If I had five other lives to lead, what would I do in each of them?
Magically, I’d be independently wealthy and would be able to travel all over the world. I could visit countries and lands I read about in National Geographic when I was a kid. I could seek out my heritage in Scotland, go on a safari in Kenya, tour outback in Australia. There’s no end to the places I’d love to see. But might I feel somewhat lost? Ungrounded? I’d also be able to contribute money, time and energy to support the causes I’m passionate about.
In the end, I really like the life I have, with one exception; I wish I could retire now, not five years from now. While thinking of these five other lives, a common theme emerged: financial independence, freedom from the “daily grind.” Though I’m valued in my place of work, educators are undervalued in this country. I could never become wealthy in this profession. The economic woes of our country, and financial obligations I hold, make it unwise to consider “early” retirement, but somewhere along the way I programmed into my brain, “I’ll be retired by the time I’m sixty.”

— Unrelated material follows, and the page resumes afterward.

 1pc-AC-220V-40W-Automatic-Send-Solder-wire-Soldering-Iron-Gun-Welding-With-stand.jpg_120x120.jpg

I hate it when I have this restlessness on top of listlessness. Can’t light on anything to focus on that gives me energy. Surfing Amazon to build a holiday Wish List just depressed me. Started to finish up a drawing but got stuck wondering what background color to put in and decide I’d best put it aside until I’m sure. Haven’t started my next book, can’t think of anything interesting to write about. Jeez. I’ll blame it on the season - rain’s predicted - and time enjoying the yard and deck begins to decline as the sun rises later and sets earler.